I'm trying to obtain $x$ in the following equation:
$$ 1= ae^{bx}+ce^{dx} $$
with a,b,c,d known.
What I did was to take the ln of all the equation, so I have:
$$ \log\frac{1/ac}{b+d} = x $$
But when I put numbers, I am getting something completely wrong. Is my solution incorrect then?
ps:
a = 2.321
b = -0.0529
c = 0.3172
d = -0.003212
and the "correct $x$" it is:
$x\sim 22.526$
On
Beside a few cases where $b$ and $d$ would be in a ratio of $2$, $3$ or $4$ (in such a case, the equation would reduce to a polynomial), there is no analytical solution to such an equation and numerical methods need to be considered.

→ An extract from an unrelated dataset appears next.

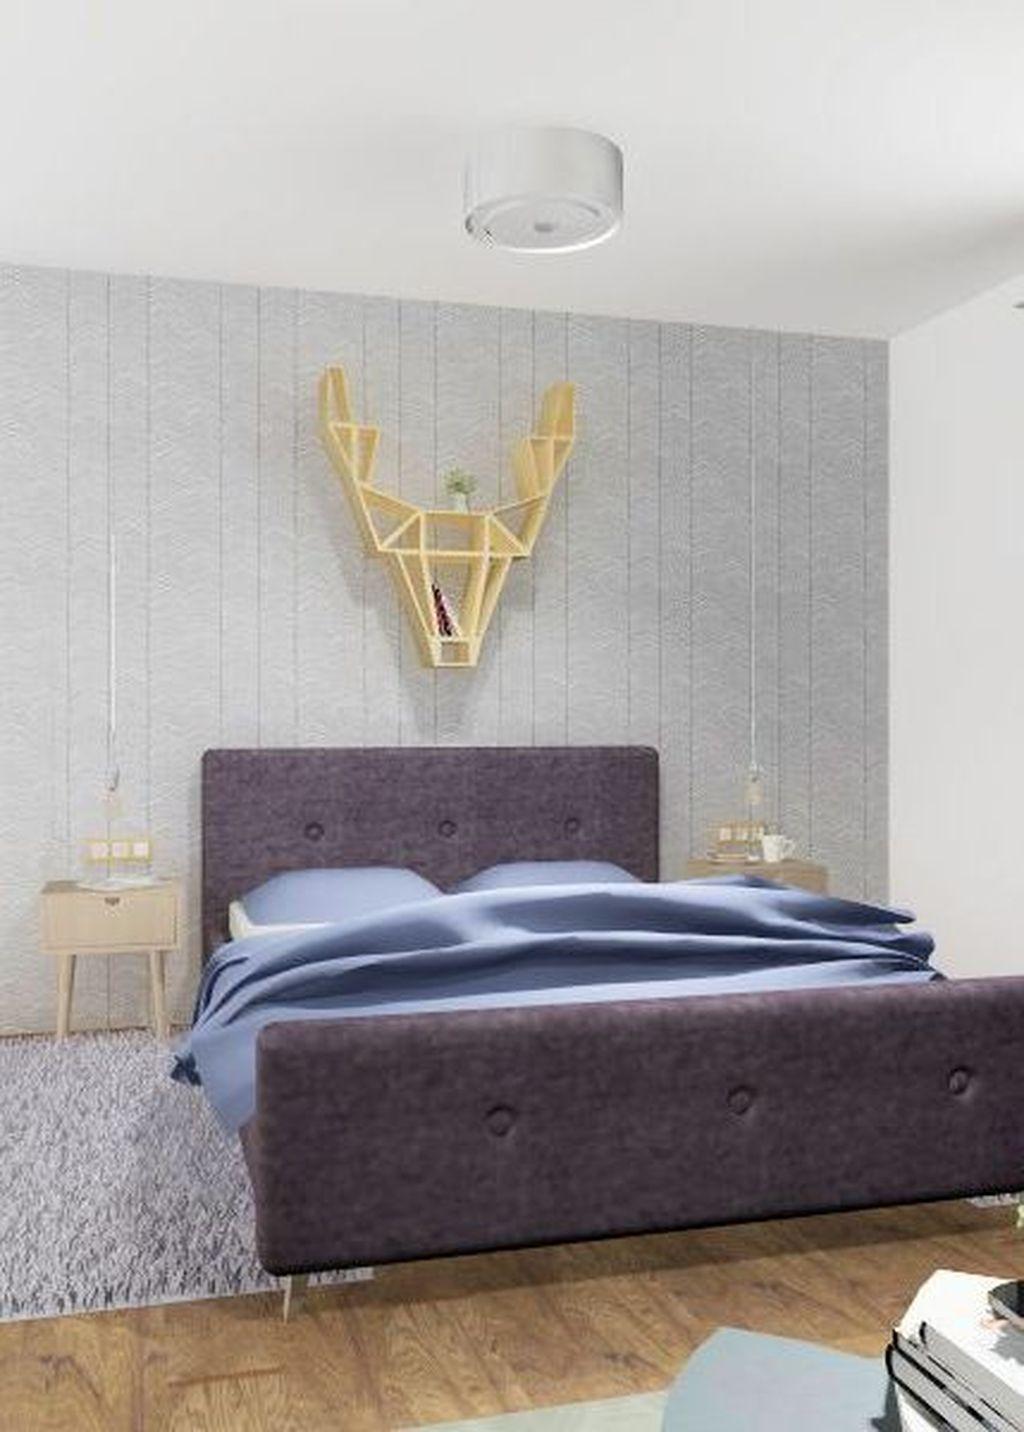 Splendid Deer Shelf Design Ideas With Minimalist Scandinavian Style To Try 29

In your problem, you are lucky in the sense that $a$ and $c$ have the same sign, as well as $b$ and $d$; so, you are sure that there is only one solution to the equation.

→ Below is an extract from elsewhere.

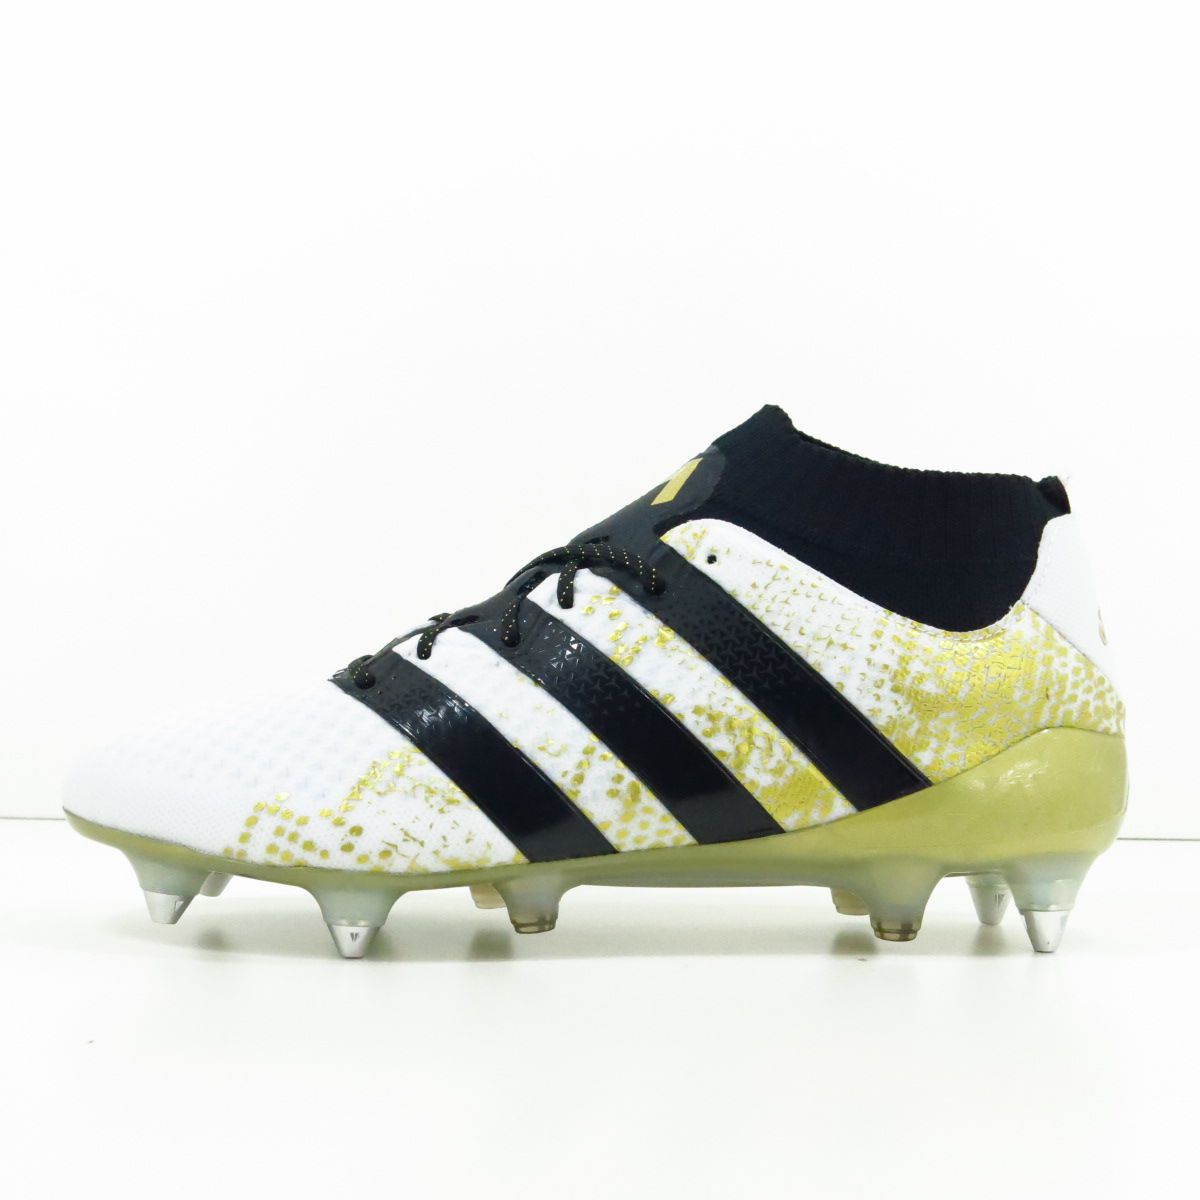 Chuteira Adidas Ace 16.1 SG Elite - Trava Mista

Let us apply Newton method to $$f(x)= ae^{bx}+ce^{dx}-1$$ $$f'(x)=abe^{bx}+cde^{dx}$$ Using your numbers, let us start iterating at $x_0=0$ (I am very lazy). So, the method will generate the following iterates $$x_1=13.2327$$ $$x_2=20.6029$$ $$x_3=22.4337$$ $$x_4=22.5261$$ $$x_5=22.5263$$ which is the solution for six significant figures.

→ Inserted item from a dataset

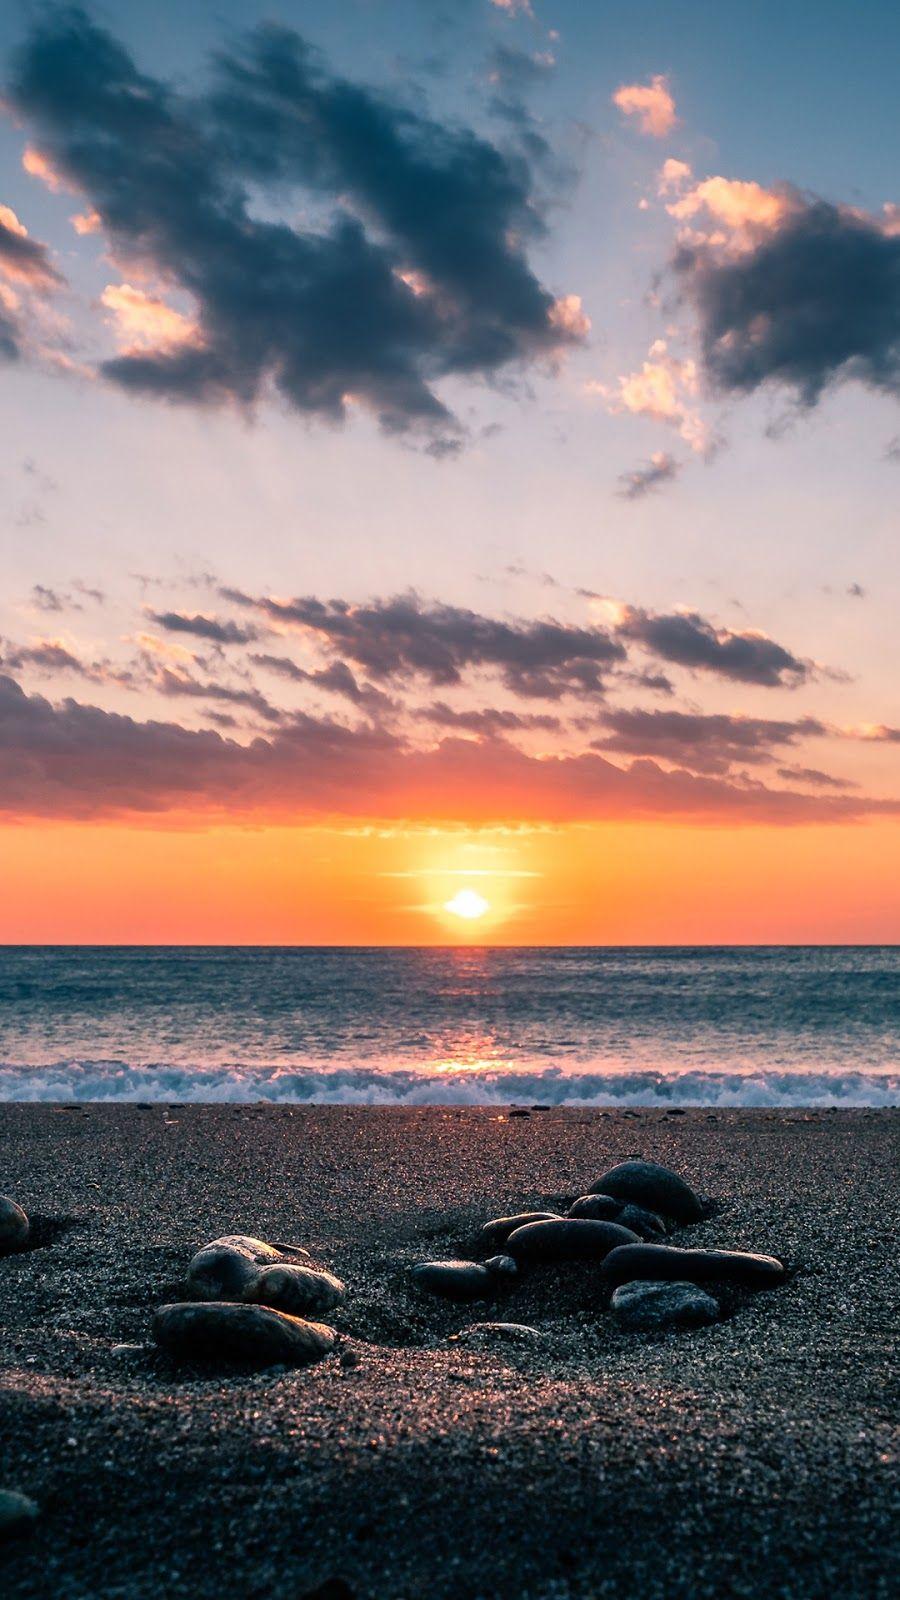 Calm Day Scenic Wallpaper Beach Sunset Wallpaper

We could solve it faster looking for the zero of function $$g(x)=\log(f(x))=\log( ae^{bx}+ce^{dx})$$ $$g'(x)=\frac{a b e^{b x}+c d e^{d x}}{a e^{b x}+c e^{d x}}$$ Starting again with $x_0=0$ (I am still lazy), the method will generate the following iterates $$x_1=20.6730$$ $$x_2=22.5043$$ $$x_3=22.5263$$ which is the solution for six significant figures.
There is no nice analytic solution for your case. You need to solve it numerically.
Set $e^{bx}=y$, then $e^{dx}=y^{d/b}$, you equation becomes:
$$y=\frac{1}{a} \left(1-cy^{d/b} \right)$$
Solve by iterations:
$$y_1=\frac{1}{a}$$
$$y_2=\frac{1}{a}\left(1-cy_1^{d/b} \right)$$
$$y_3=\frac{1}{a}\left(1-cy_2^{d/b} \right)$$
$$ \dots $$
You will get something like $y=0.30372$ after 3-4 steps, which means:
$e^{bx}=0.30372$
$$x \approx 22.526$$
Which is very close to your 'correct' value.
Notice, that my choice of $y$ was based on the fact that $a>c$ and $b>d$. If I chose $e^{dx}$ as $y$ the iterations would work much worse.
But as it was said in the comments, with your values you better use Taylor series for the exponent. It will be much easier (actually, linear approximation doesn't work very well here, so maybe iterations are better)